▸ **PROBLEM TO WORK ON**
Output the line containing "Best Oklahoma Outdoor" and each line after it through the end of the data, exactly as written, with pictures left out.

▸ **SOURCE DATA**
++++++++

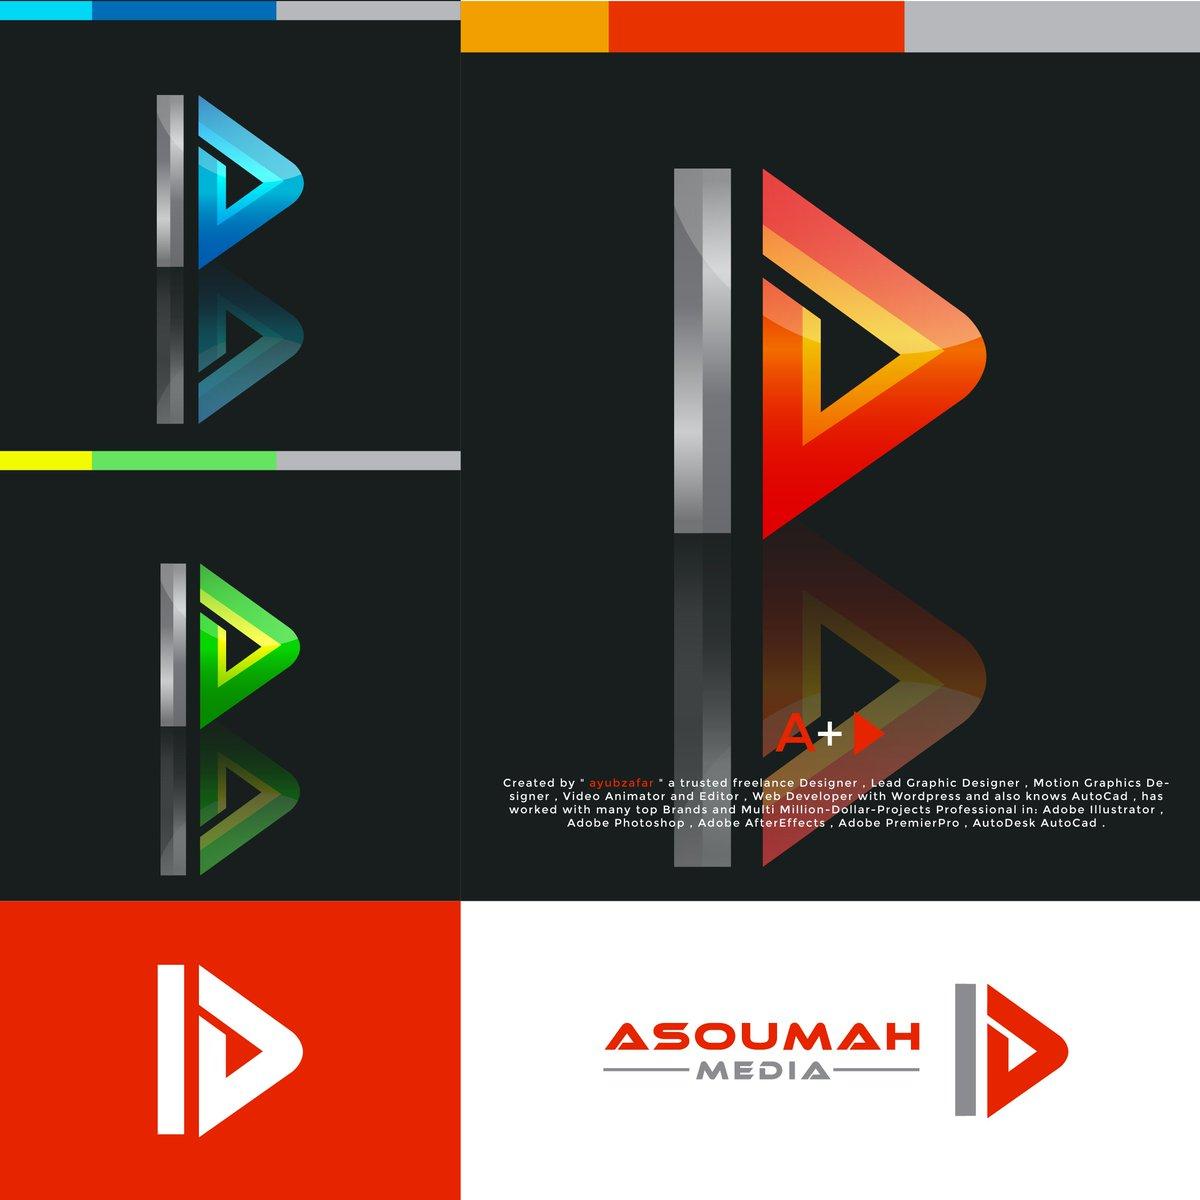 "3D Logo Design For ""Asoumah Media"" by @ayubzafar2 . . Order a Highly Professional Brand Logo Now . . Follow for more @ayubzafar2 for more  . #3ddesign #mediaset #media #mediacorp #corp #mediacompany #telecommunications #3dlogo #versatilemedia #workshops #MediaGroup #ayubzafarpic.twitter.com/PaPbK6AT2A"
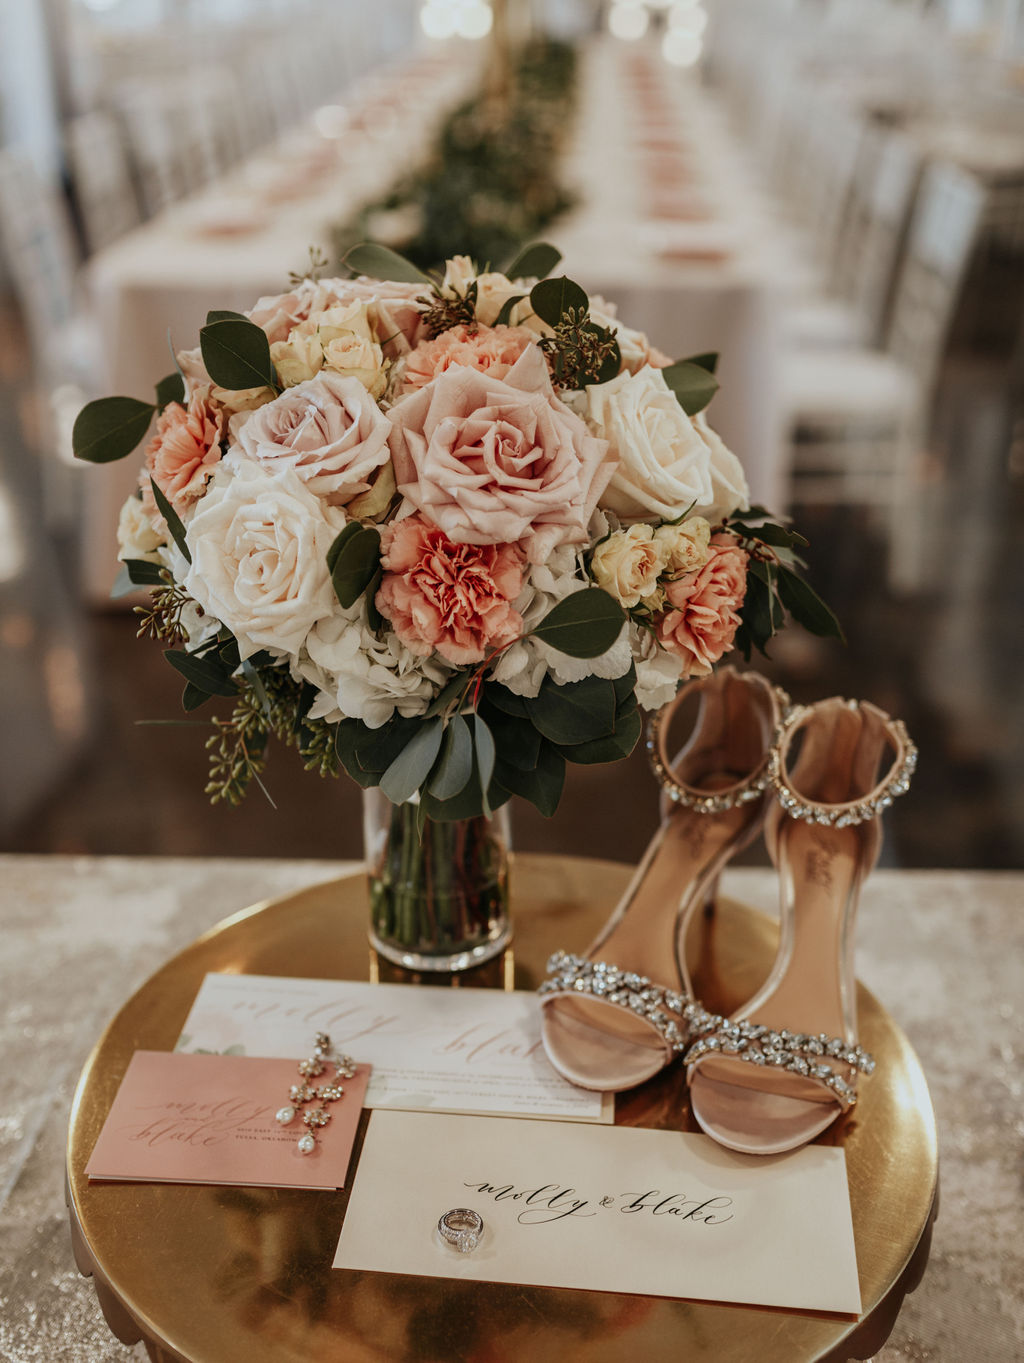 Best Oklahoma Outdoor Wedding Venue Tulsa Bixby White Barn 3.jpg
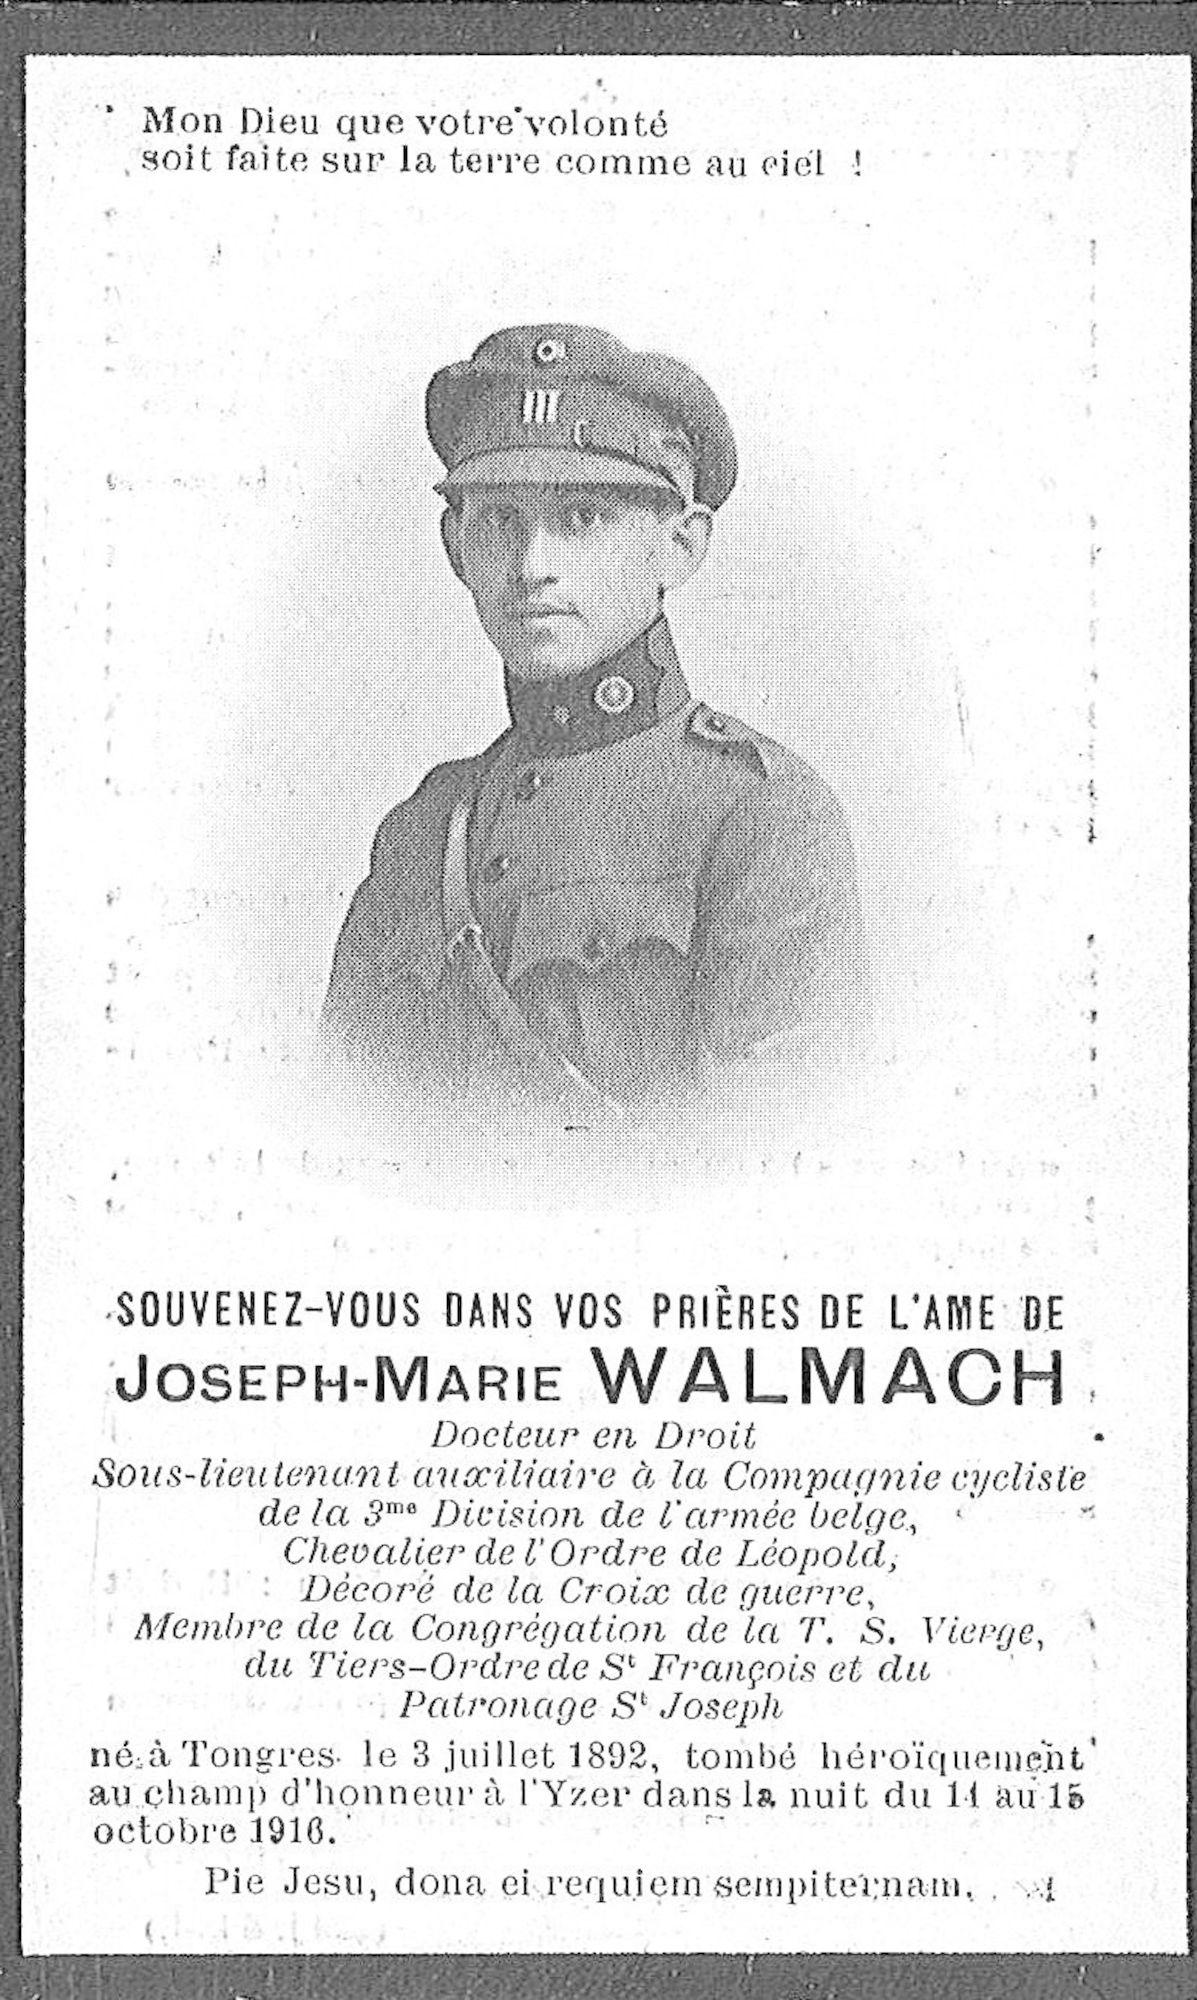 Joseph-Marie Walmach

++++++++

▸ **FINISHED TASK**
 Best Oklahoma Outdoor Wedding Venue Tulsa Bixby White Barn 3.jpg
 Joseph-Marie Walmach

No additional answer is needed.